- Sbu Nkosi is not thinking about his wobbly Springbok place as he makes a fresh start at the Bulls.
- The 26-year-old winger is only preoccupied with recovering as fast as possible from an ankle injury to get back on the field before he can worry about his Bok place.
- Nkosi doesn't believe leaving a Bok-rich franchise like the Sharks hinders his prospects of challenging for a ticket to next year's World Cup.
Sbu Nkosi insists his spot in the Springboks' pecking order when it comes to the wings is the furthest thing from his mind at this stage.
The 26-year-old flyer completed his high-profile move from the Sharks to the Bulls on Thursday, stating that starting afresh and becoming part of his new franchise's winning culture is his only focus.
Currently recovering from an ankle injury, Nkosi has struggled for consistent form this season and is thought to have slipped in the Bok coaches' estimation, particularly since the likes of Aphlelele Fassi, Seabelo Senatla and Kurt-Lee Arendse have seized their opportunities.
"I can only take it a day at a time. This is where I am and who I am right now," said Nkosi.
"I'm also injured, so to get to a place where I'm thinking about potential selection for the national team I need to be fit and ready to play.
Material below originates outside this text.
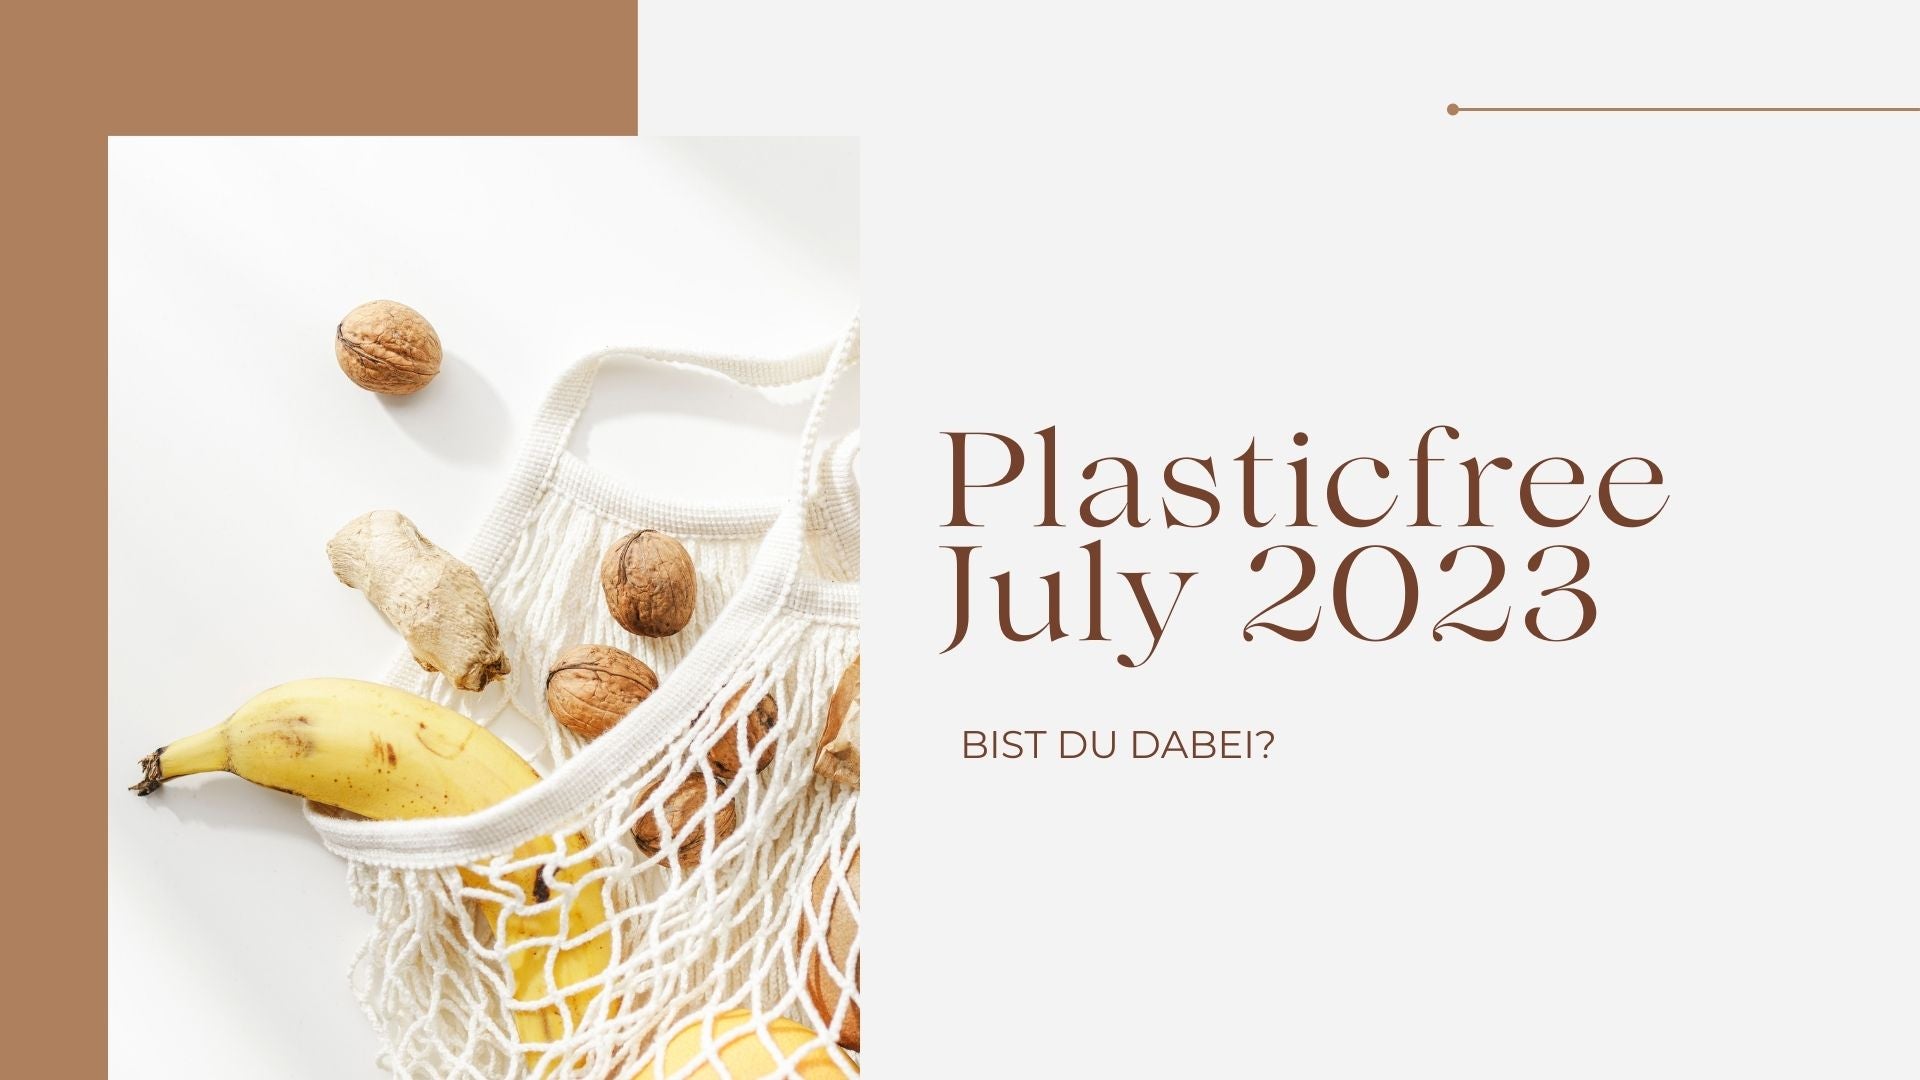 Plasticfree July 2023: Bist du dabei?

That's my priority. That's where my thoughts are currently.
"When I get into the proverbial ring again and start boxing, then I can only start answering the question again where I stand in terms of the Springboks."
Even though he's not working towards an official time frame to get back onto the field, Nkosi is adamant he's putting pressure on himself daily to reach small targets.
"There's pressure every day. If you don't put it on yourself, you won't feel the pressure that's coming from everywhere else," he said.
"So I put pressure on myself to get better as soon as possible so that I can compete for all these positions I want to."
There's a view, albeit an unconvincing one, that Nkosi's switch could hinder his mission to be a top dog again as he now leaves behind "home comforts" as well as a Sharks playing group brimming with national players.
Yet with the Bulls arguably building a potential dynasty that will see their players of Springbok interest increase, that argument sounds flawed.
"I don't believe making it into a World Cup squad is dependent on which team you play for. It's purely based on your performance. Being in a specific place doesn't downplay your chances of becoming part of the international setup," said Nkosi.